2.1 - Algorithms (Part 1)

I decided to follow savemyexams here with doing searching/sorting algorithms (which really should be in part 2), earlier

Principles of Computational Thinking

- Computational thinking is the process of breaking down a problem into smaller parts and solving them one at a time.
- It contains 3 main components:

Abstraction
Decomposition
Algorithmic thinking

Abstraction

- Abstraction is the process of simplifying a problem by removing unnecessary details.
- An example of abstraction could be a high-level programming language like Python or C, which hide the differences between different processor architectures so your program will run the same everywhere without having to worry about the underlying hardware.
- There are plenty of other examples as well, such as the concept of 'processes' in OSes, allowing multiple programs to run concurrently without having to manage the CPU and memory at a low level.

Decomposition

- Decomposition is the process of breaking down a problem into smaller parts, which can then be solved individually.
- An example of decomposition could be a mathematical equation, which can be broken down into smaller parts such as addition, subtraction, multiplication, and division.
- This process is also used in programming, where a program can be broken down into smaller parts such as functions, loops, conditionals, and variables.

Algorithmic thinking

- Algorithmic thinking is turning a problem into a series of basic step-by-step instructions.
- It requires the combined use of both abstraction and decomposition.
- Algorithms help problems become automated and let computers understand what to do.
- A good algorithm should be as bulletproof but simple as possible, to reduce the chance of problems.

Searching Algorithms

- Searching algorithms are algorithms used to efficiently find a specific element in a list.
- The two sorting algorithms you need are Linear Search and Binary Search.
- For searching (and sorting) algorithms, you need to understand time complexity. This is written in big O notation. Something like O(n) means that if it took 1 second for each object in a list, it would take n seconds to search the entire list.

Linear Search

Definition:

Linear search is the simplest search algorithm. It checks each element in a list, one by one, until it finds the target value or reaches the end of the list. This method does not require the list to be sorted.

How It Works:

Start at the beginning of the list.
Compare the current element with the target value you are searching for.
If the current element matches the target, the search is successful, and the index of the element is returned.
If the current element does not match the target, move to the next element in the list.
Repeat steps 2-4 until you either find the target value or reach the end of the list.
If the end of the list is reached without finding the target value, the search is unsuccessful, and a suitable message or value (like -1) is returned.

Example:

Imagine you have a list of numbers: [3, 8, 12, 5, 6], and you want to find the number 12 using linear search.

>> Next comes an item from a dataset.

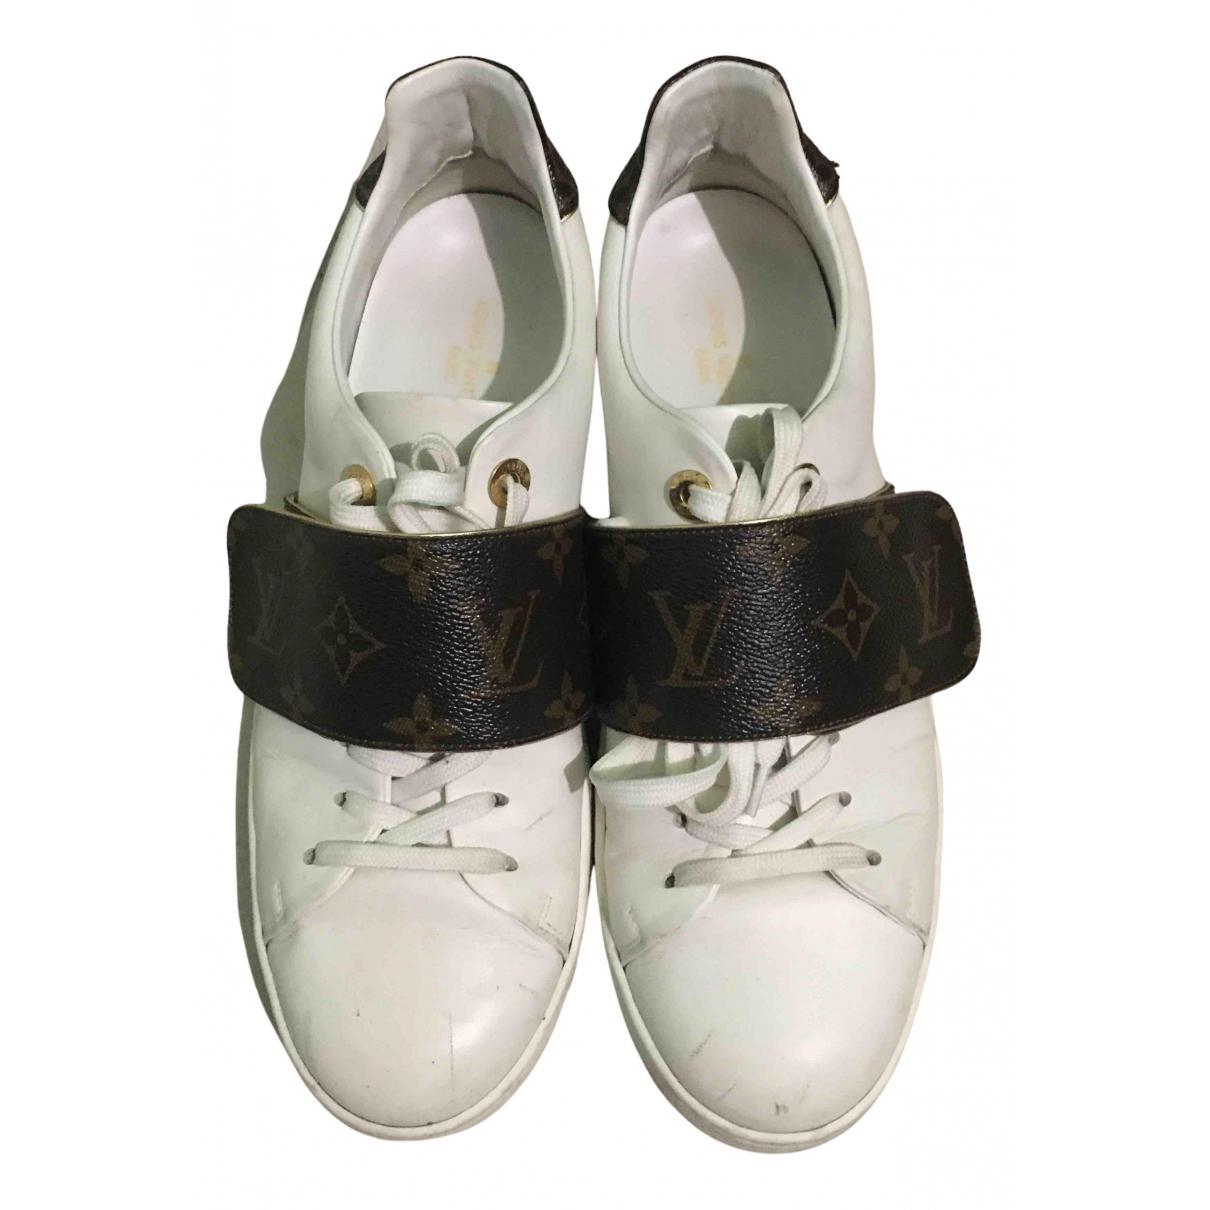 Louis Vuitton - Baskets FrontRow pour femme en cuir - blanc

Start with the first number (3) – it's not 12.
Move to the next number (8) – it's not 12.
Move to the next number (12) – this time, it matches the target. The search is successful.

Pros:

Simple to implement and understand.
Works on both sorted and unsorted lists.

Cons:

Inefficient for large lists because each element must be checked, one at a time.
Worst-case scenario: it checks all elements, making it slow for large datasets (with a time complexity of O(n), where n is the number of elements in the list).

Implementation (Python):

def linear_search(arr, target):
    # Traverse through the list
    for i in range(len(arr)):
        # If the target is found, return the index
        if arr[i] == target:
            return i
        # Repeat
        
    # If the target is not found, return -1
    return -1

Binary Search

Definition:

Binary search is a more efficient search algorithm that works only on sorted (in order) lists. It repeatedly divides the search interval in half to find the target value.

How It Works:

Start with two pointers – one at the beginning of the list (low) and one at the end (high).
Calculate the middle point of the list using the formula: middle = (low + high) // 2.
(// is 'floor division'. Just division but you discard the remainder.)
Compare the middle element with the target value:
- If the middle element matches the target value, the search is successful, and the index is returned.
- If the target value is less than the middle element, narrow the search to the left half of the list by setting high = middle - 1.
- If the target value is greater than the middle element, narrow the search to the right half of the list by setting low = middle + 1.
Repeat steps 2-3 until the target value is found or the low pointer exceeds the high pointer, indicating the target is not in the list.

Example:

Imagine you have a sorted list of numbers: [2, 4, 7, 10, 15, 20], and you want to find the number 10 using binary search.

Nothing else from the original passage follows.